The operator shrugged. He toggled the camera a bit more. Zoomed it to the end of the canal, where the picture grew shadowy.

‘Like that,’ said Caffery. ‘I mean, what’s that?’

‘Dunno.’ The operator put his hand over the screen to shade it and peered at the spectral images. ‘OK,’ he said grudgingly. ‘That looks like something.’

‘What is it?’

‘A . . . I’m not sure. A hull? Of a barge maybe? Christ – look at the way that’s peeled apart. That’ll be where your explosion was.’

‘Can you get inside it?’

He stood. Eyes on the monitor, he dragged the cable spools a few yards along the edge of the shaft. He sat for a moment, his hand on the reel, his eyes locked on the LCD screen. Eventually he spoke. ‘I think . . . Yes. I’ve got something.’

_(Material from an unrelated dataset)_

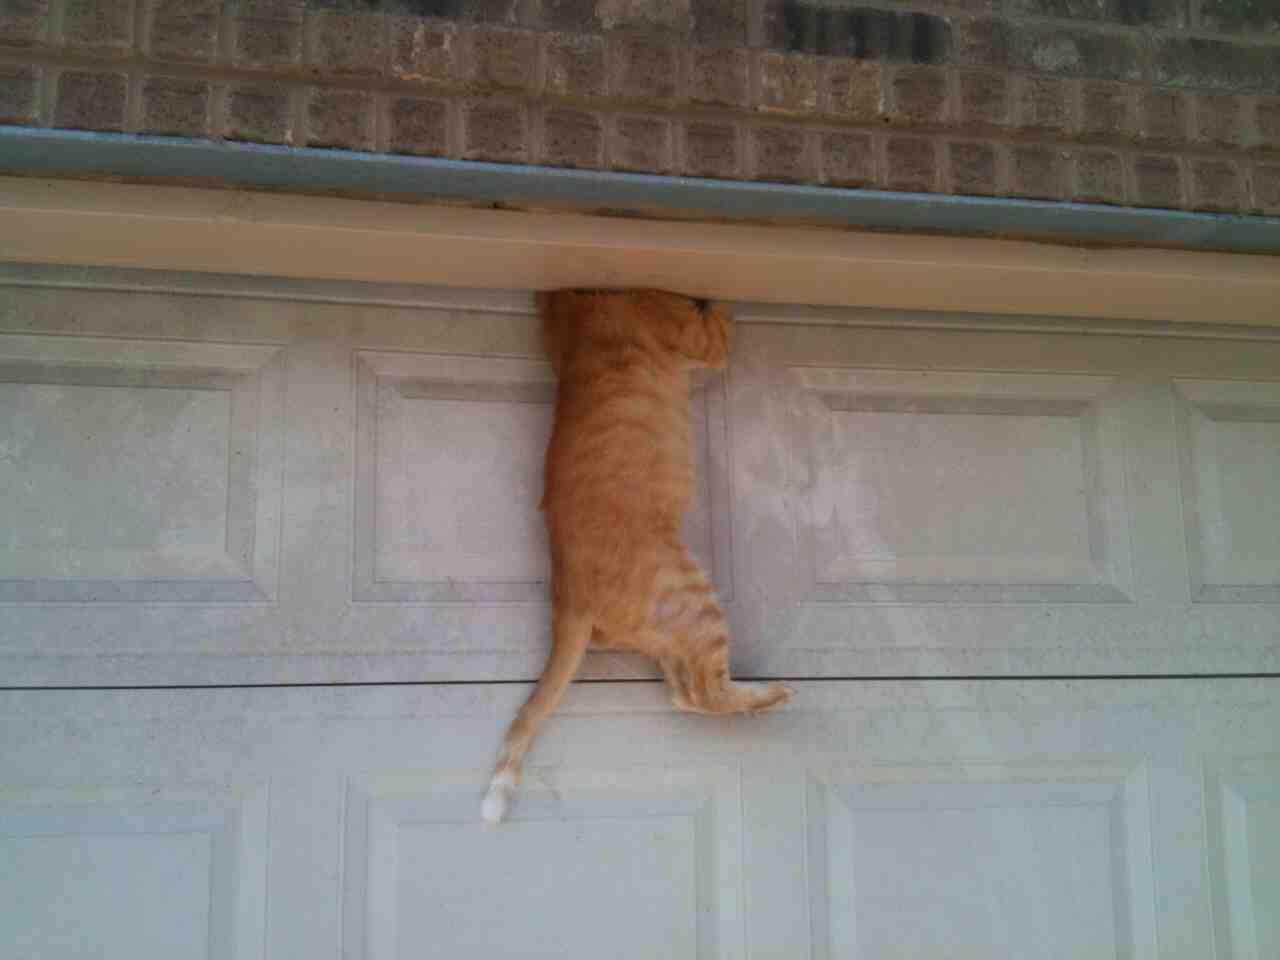 Mouse Proof Dog Door : My cat fell asleep on top of the garage door then this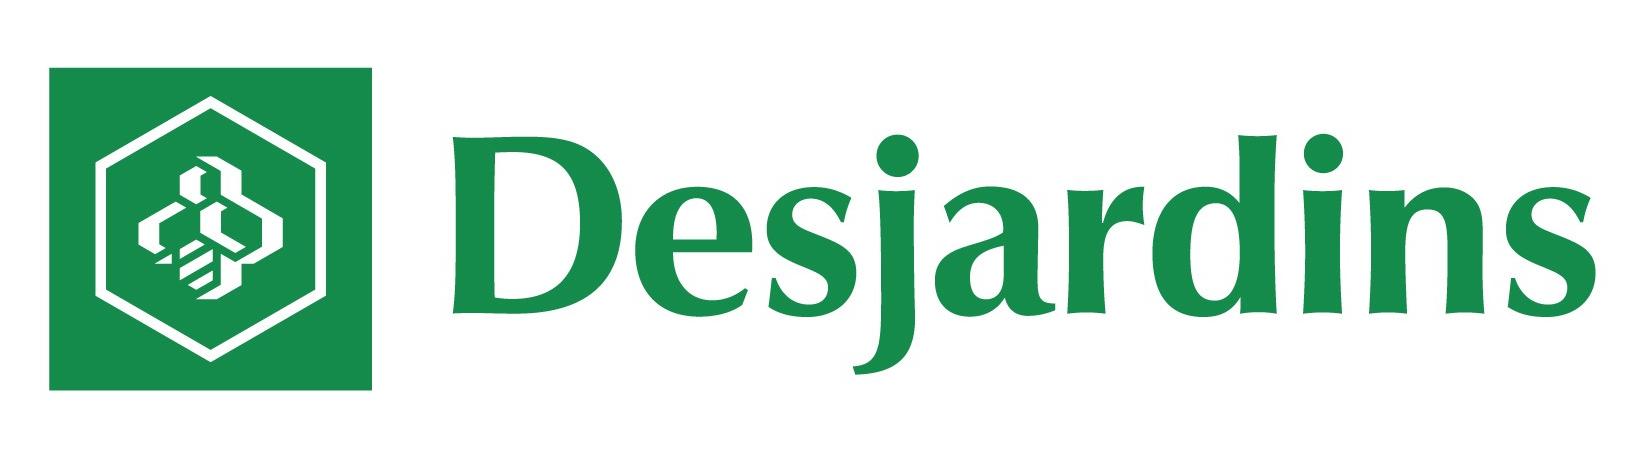 Image result for logo of desjardins

He turned the screen to the men. Caffery and the Bronze commander leaned in to look, hardly breathing. The screen was unintelligible to Caffery: all he could make out was the torn metal of the barge’s hull.

The operator zoomed in. ‘There.’ He pointed at something in the muck and the grime at the bottom of the picture that was moving slightly. ‘That’s something. See it?’

Caffery strained his eyes. It looked like tarry bubbles wallowing in the canal. There was a flash, the spotlight reflecting off the canal water as whatever it was moved again. Then something in the shape became white for a moment. Darkened. Went white again. It took Caffery a moment to realize what he was looking at. A pair of eyes. Blinking. Those eyes blew straight through him like a hurricane. ‘Shit.’

It’s her.’ Wellard clipped the karabiner at his waist to the Petzl descender unit, shuffled backwards to the hole and leaned backwards over the lip, testing the rope, his face hard and concentrated. ‘It’s fucking her and I am going to fucking kill her for this.’

‘Hey. What the hell do you think you’re doing?’ The Bronze commander stepped forward. ‘You’re not going down there yet.’

‘The gas test is clean. Whatever exploded it’s not there now. And I’m going down.’

‘But our target is down there.’

‘That’s OK.’ He patted the pockets of his body armour. ‘We’ve got tasers.’

‘And this is my operation and I’m telling you you’re not going down. We’ve got to find out what’s making that noise. That’s an order.’

Wellard locked his jaw, gave the commander a solid eye. But he took a few steps forward away from the lip of the hole, and stood in silence, unconsciously clenching and unclenching the descender handle.

‘Find the noise,’ the commander told the camera operator. ‘Find what’s making that godforsaken noise. It’s not her.’

‘Yup.’ The operator’s face was clenched. ‘I’m doing my best. I’m just having a . . . Christ!’ He leaned into the screen. ‘Christ, yes, I think this is it – this is what you wanted.’

Everyone gathered round. They were looking at something inhuman. Something tarred and burned and bloodied. Now they understood why they hadn’t seen anything in the water of the canal. Prody wasn’t anywhere on the ground. He’d been lifted by the explosion and skewered by a shard of metal high on the canal wall. Like a crucifixion. As the camera came towards him he didn’t move. All he could do was stare into the lens and gulp air, his eyes bulging.

‘Holy shit,’ the Bronze commander whispered, awestruck. ‘Holy shit. He is fucked, so fucked.’

Caffery stared at the screen, his heart pounding. He couldn’t imagine how Prody could have been so clever. He’d tricked them over and over. He’d tricked them into focusing all their efforts on this tunnel, when the girls, with hours or minutes left, were somewhere else entirely. And the ultimate trick, the ultimate finger in the force’s face, would be if he died now. Without telling the police anything.

He straightened. Turned to Wellard. ‘Get that team down now,’ he muttered. ‘And I mean now.’